Apache Spark job fails with DatabricksThrottledException error

Remove Spark settings causing throttling and set a regional STS endpoint.

Written by zhengxian.huang

Last published at: April 18th, 2025

Problem

Your Apache Spark job fails with an error message such as the following.

shaded.databricks.org.apache.hadoop.fs.s3a.DatabricksThrottledException: Instantiate shaded.databricks.org.apache.hadoop.fs.s3a.auth.AssumedRoleCredentialProvider on : com.amazonaws.services.securitytoken.model.AWSSecurityTokenServiceException: Rate exceeded (Service: AWSSecurityTokenService; Status Code: 400; Error Code: Throttling; Request ID: XXXXXXXX; Proxy: null)

 

Cause

There is an excessive number of AssumeRole API calls being made from the same instance type within a short timeframe, leading to throttling by AWS STS. 

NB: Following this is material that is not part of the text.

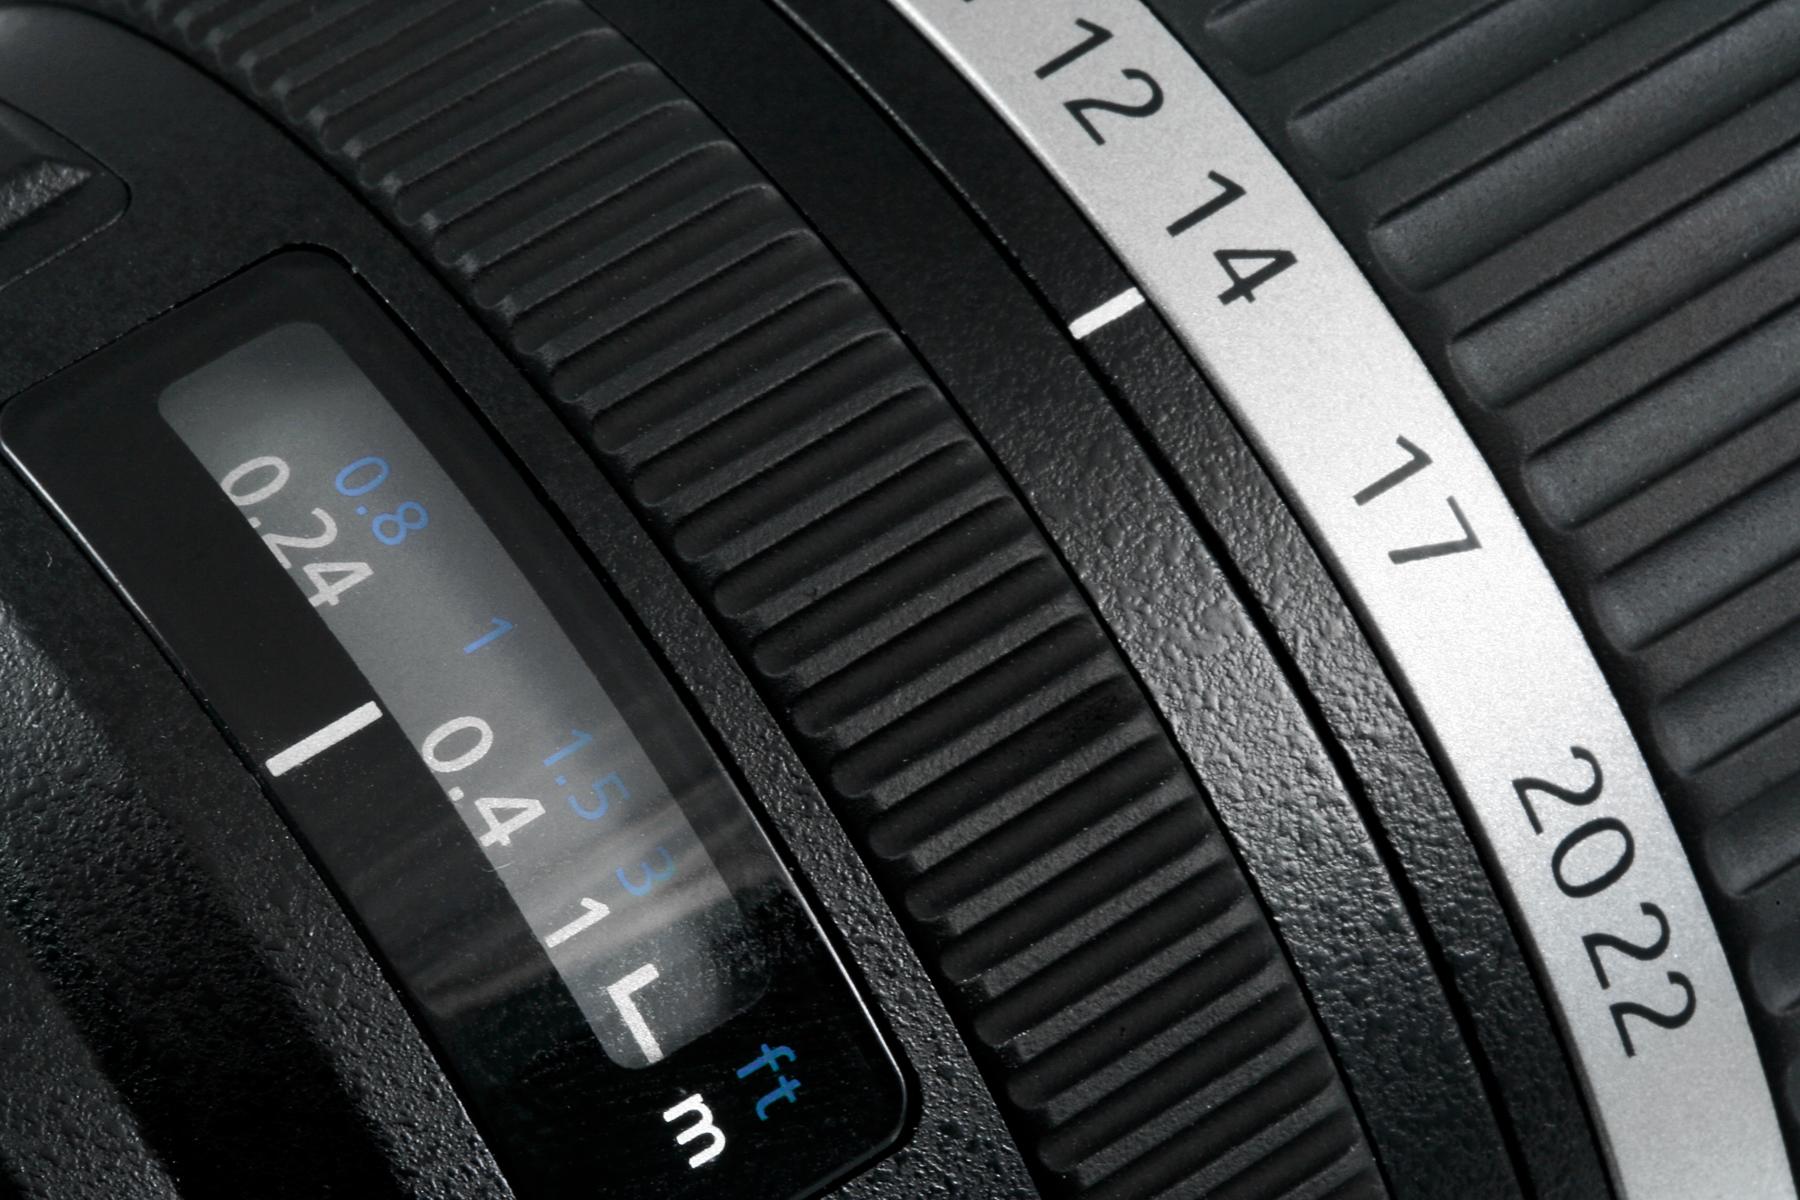 Lens Macro, 35, Photograph, Mm, Object, HQ Photo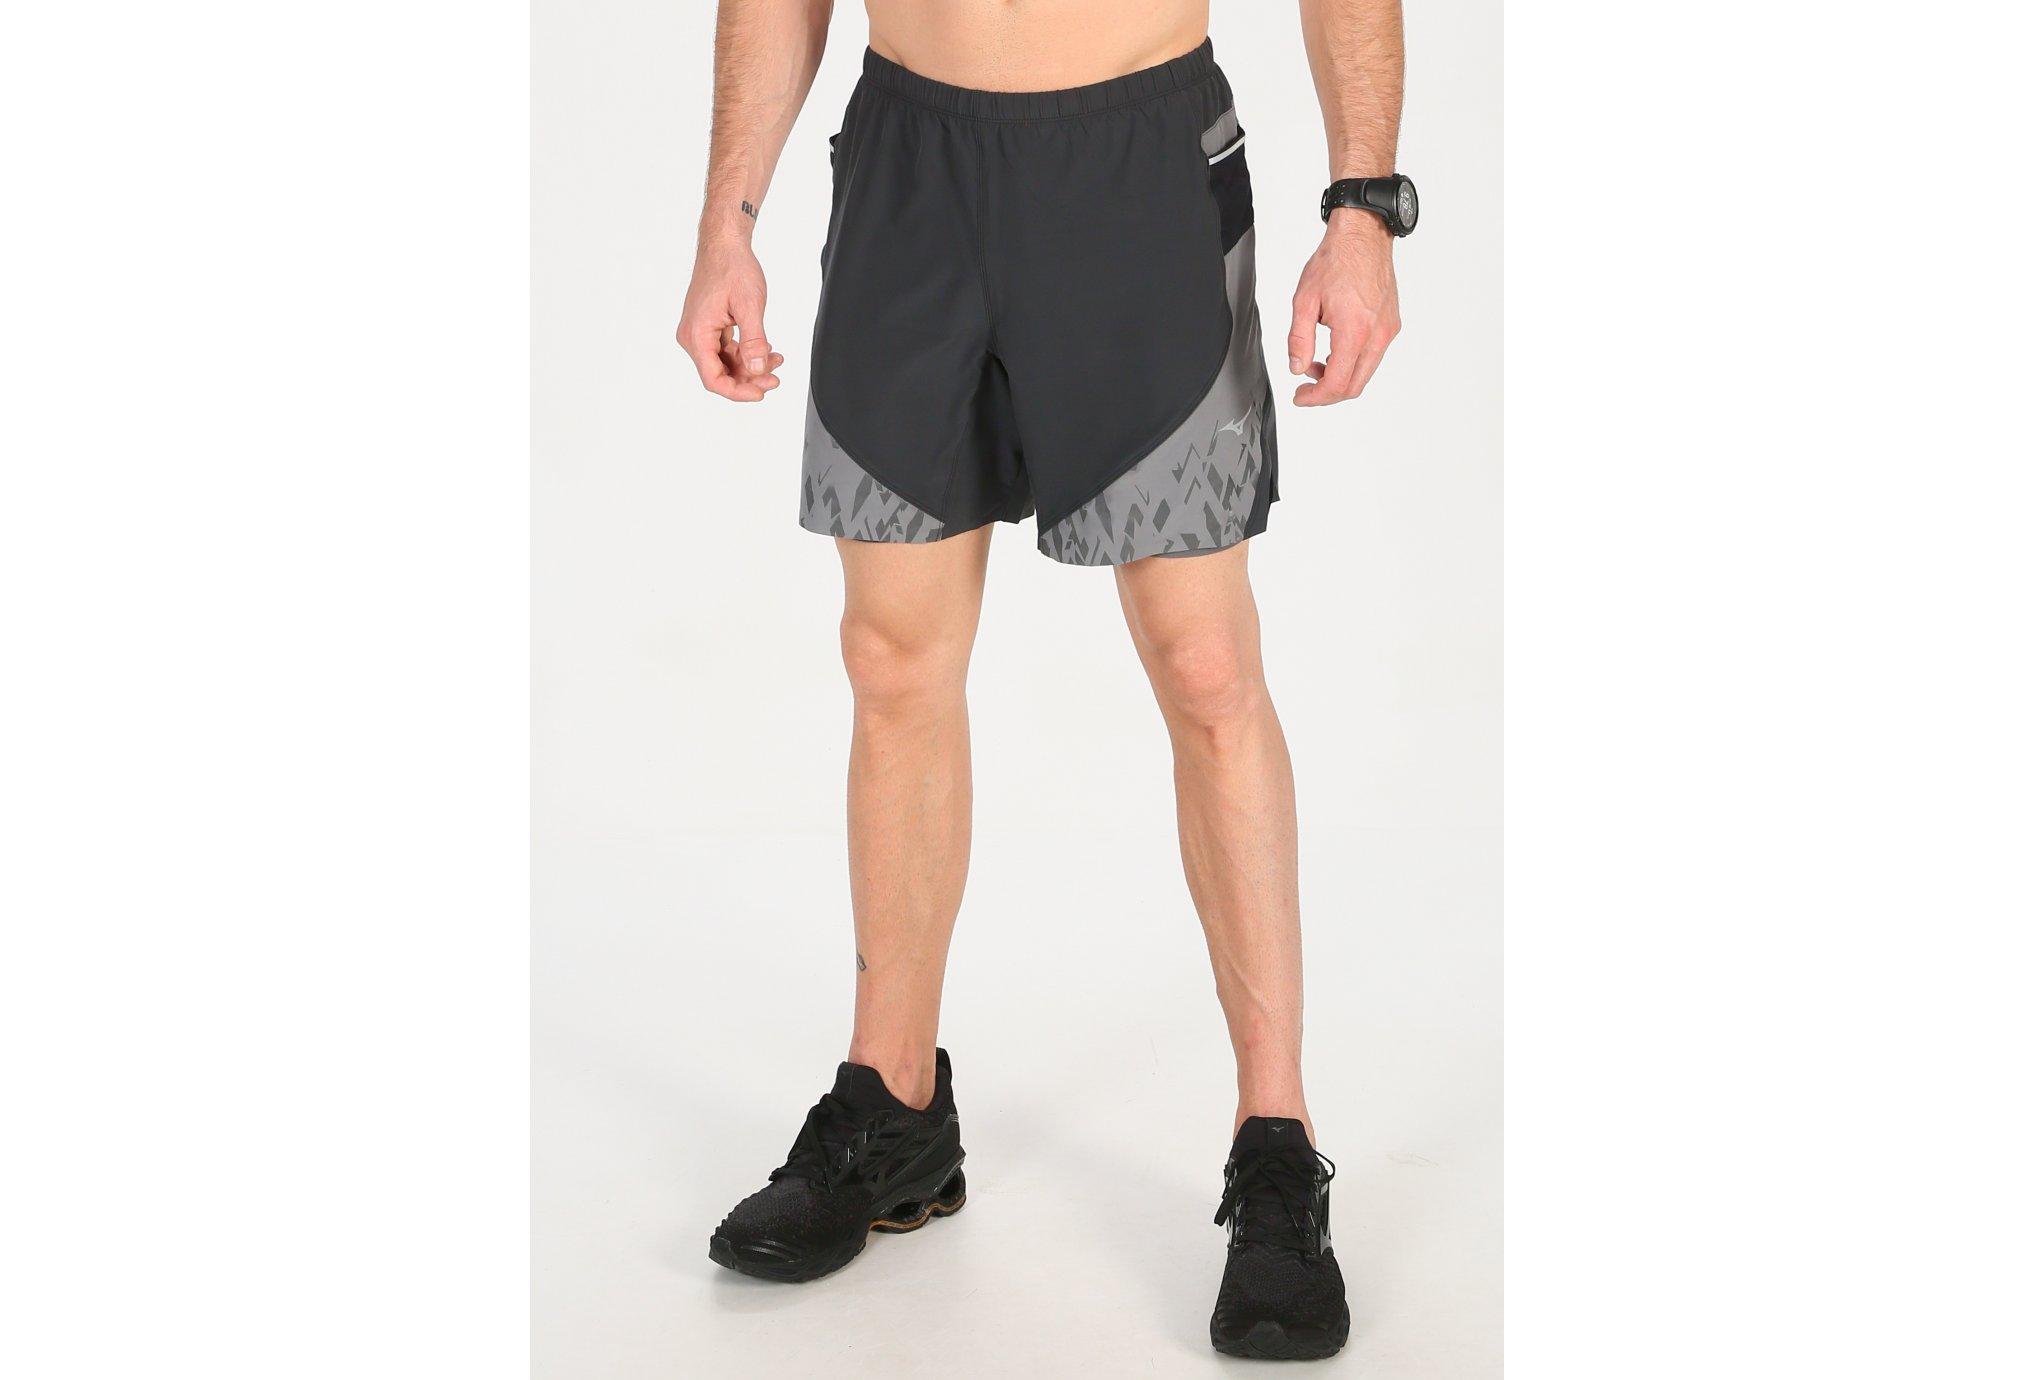 Mizuno Endura 7.5 2 en 1 M vêtement running homme

An excessive number of calls can occur when specific Spark configurations are modified but should not be, such as:

  • spark.hadoop.fs.s3.impl
  • spark.hadoop.fs.s3n.impl
  • spark.hadoop.fs.s3a.impl

 

Additionally, you may have an STS endpoint set at the global level, which can contribute to the issue and is more costly. For example, using sts.amazonaws.com instead of the regional endpoint sts.<region>.amazonaws.com can lead to failures in Spark runtime.

 

Solution

  1. Remove the following Spark configurations from all clusters, including interactive and job clusters.
    • spark.hadoop.fs.s3.impl
    • spark.hadoop.fs.s3n.impl
    • spark.hadoop.fs.s3a.impl
  2. Ensure that the STS endpoint is set correctly at the regional level. Use the regional endpoint format: sts.<region>.amazonaws.com.
  3. Monitor the STS calls to ensure that the changes have resolved the throttling issue.

 

For further information, refer to the Configure a customer-managed VPC documentation.